[TASK OBJECTIVE]: Please repeat the whole listing exactly, but leave out any picture it holds.

[STORED DATA]:
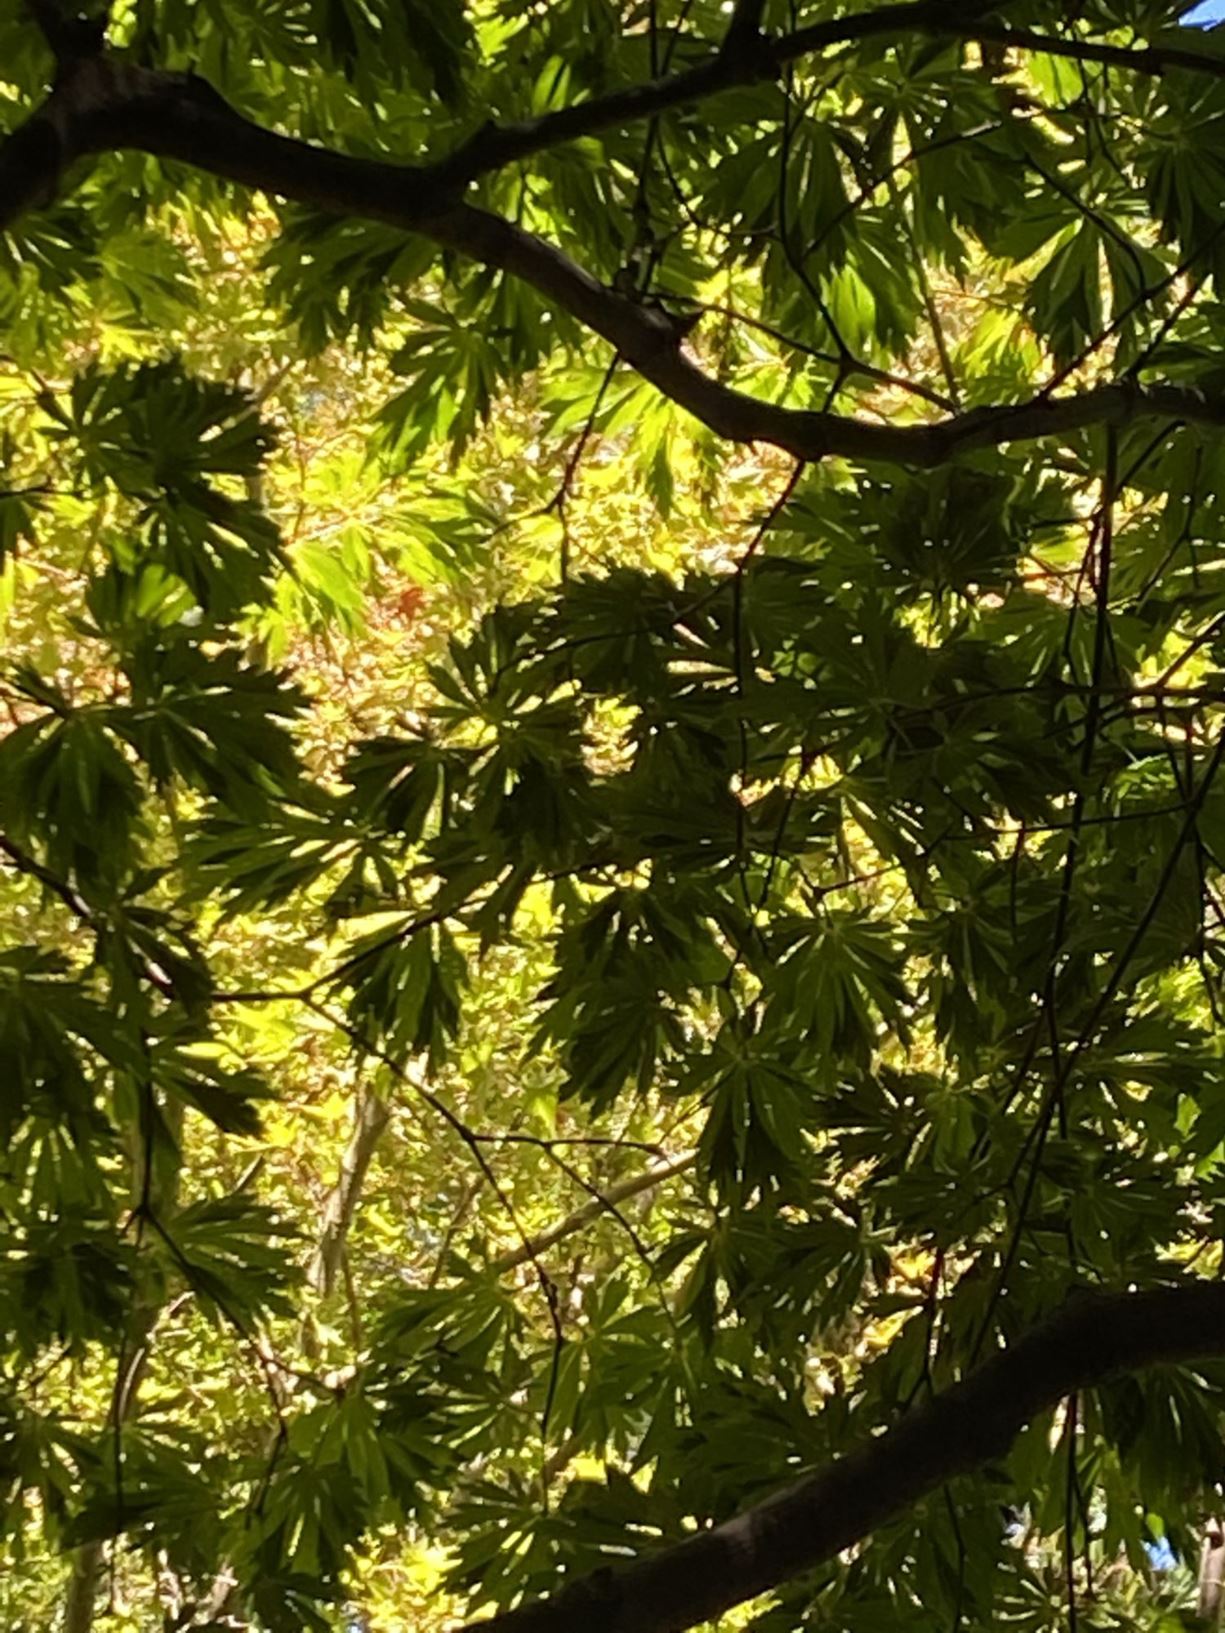 Acer japonicum 'Aconitifolium' - fullmoon maple
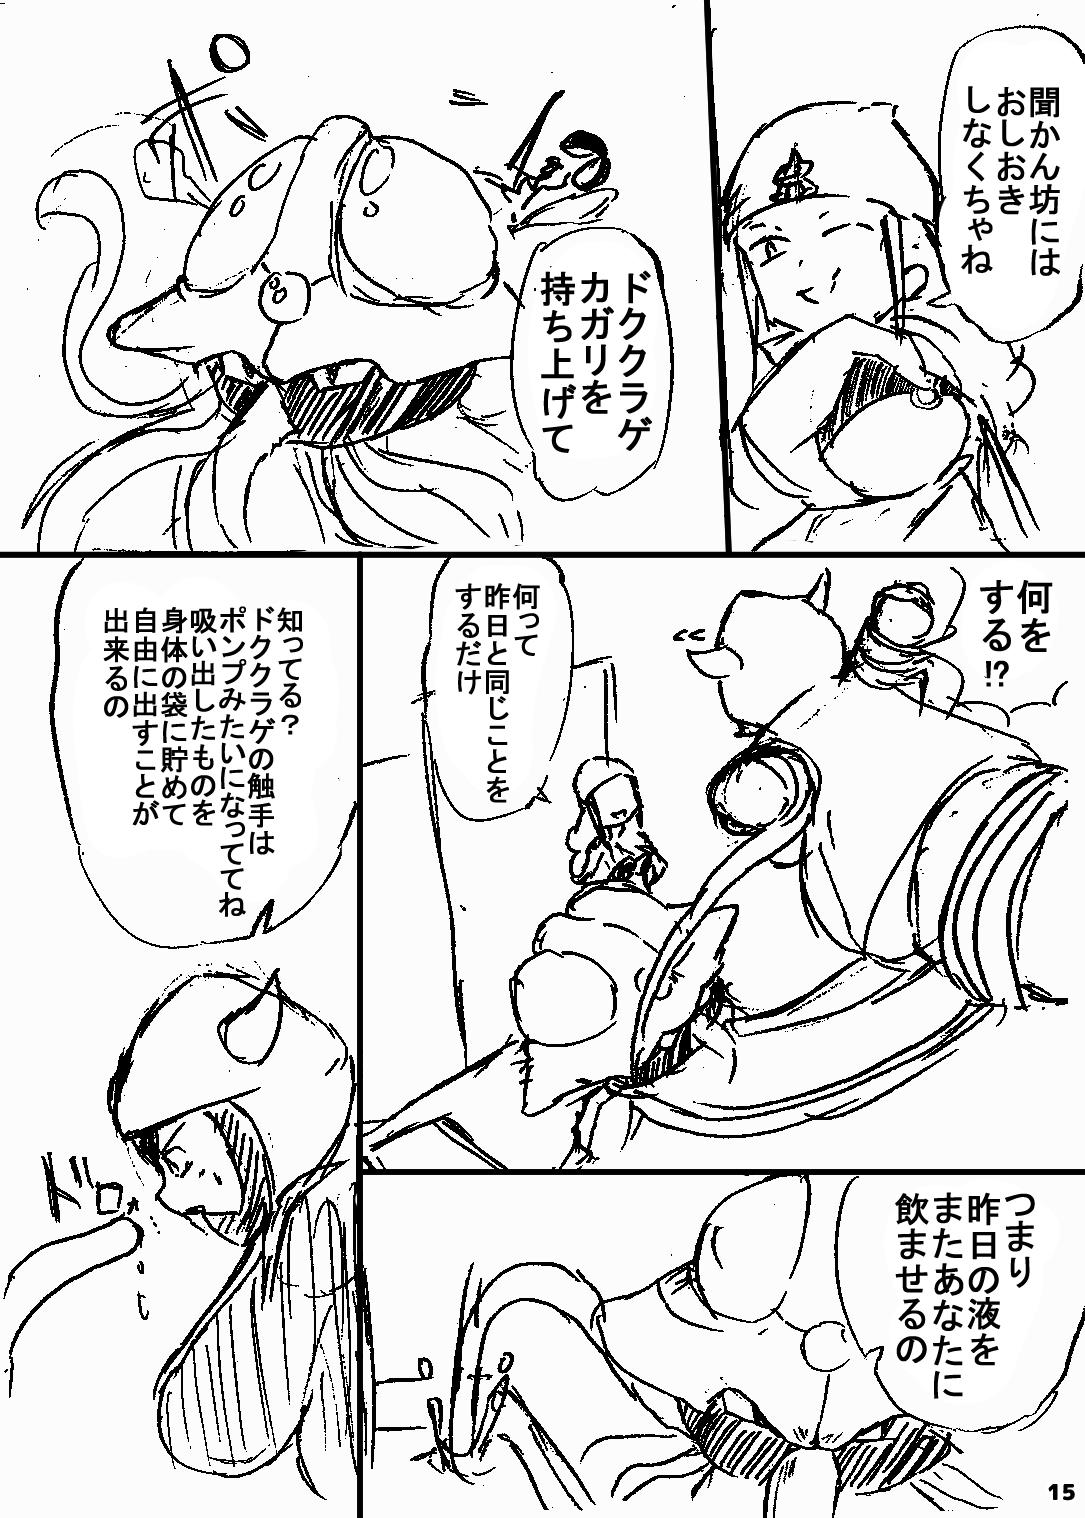 ポケスペカガリ肥満化漫画 13
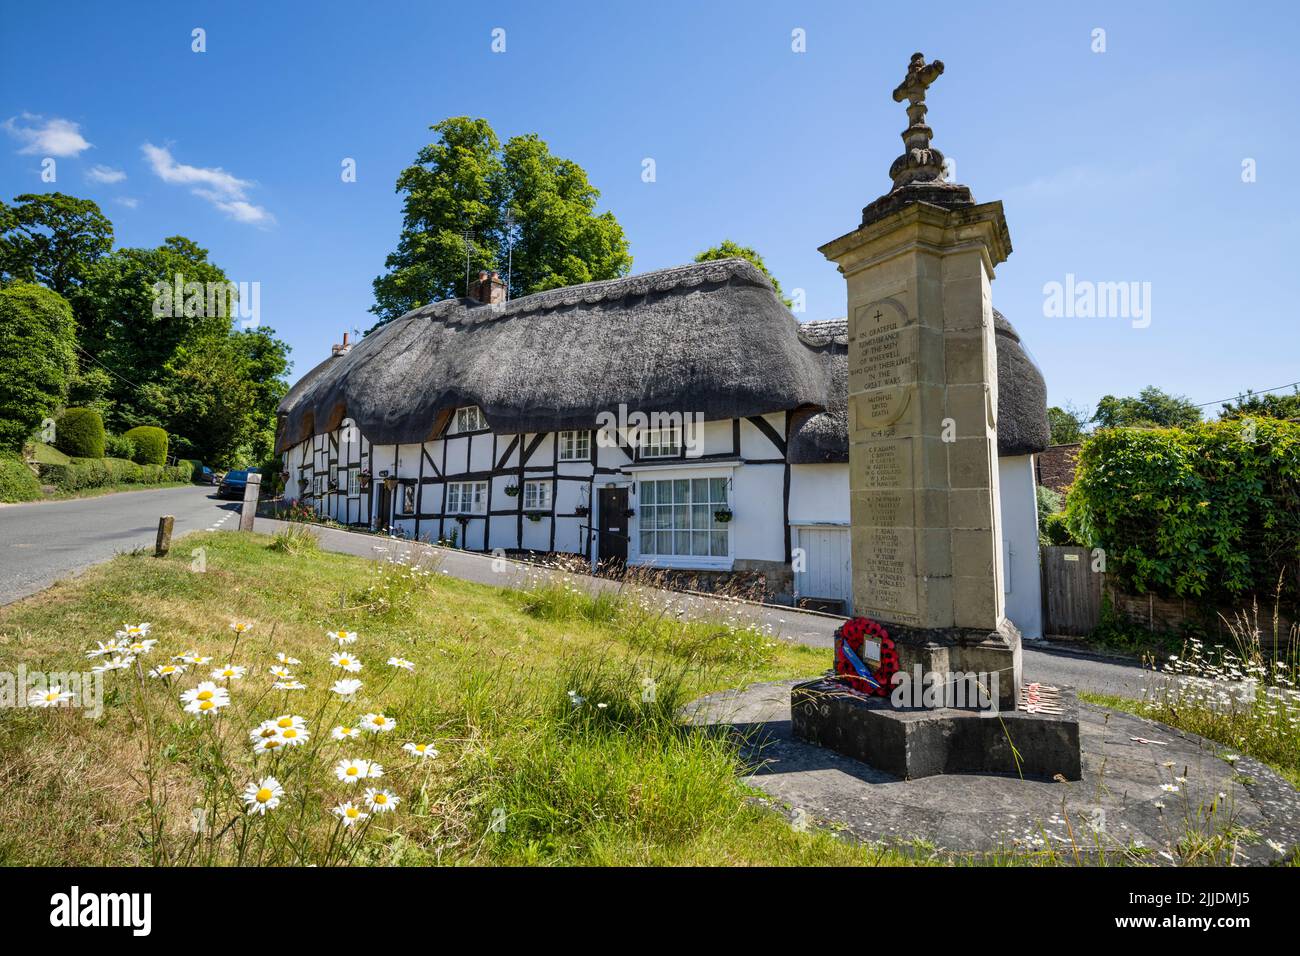 Case con tetto di paglia e il Memoriale di guerra nella piazza del villaggio, Wherwell, Test Valley, Hampshire, Inghilterra, Regno Unito, Europa Foto Stock

[THE ANSWER]:
 Acer japonicum 'Aconitifolium' - fullmoon maple
 ポケスペカガリ肥満化漫画 13
 Case con tetto di paglia e il Memoriale di guerra nella piazza del villaggio, Wherwell, Test Valley, Hampshire, Inghilterra, Regno Unito, Europa Foto Stock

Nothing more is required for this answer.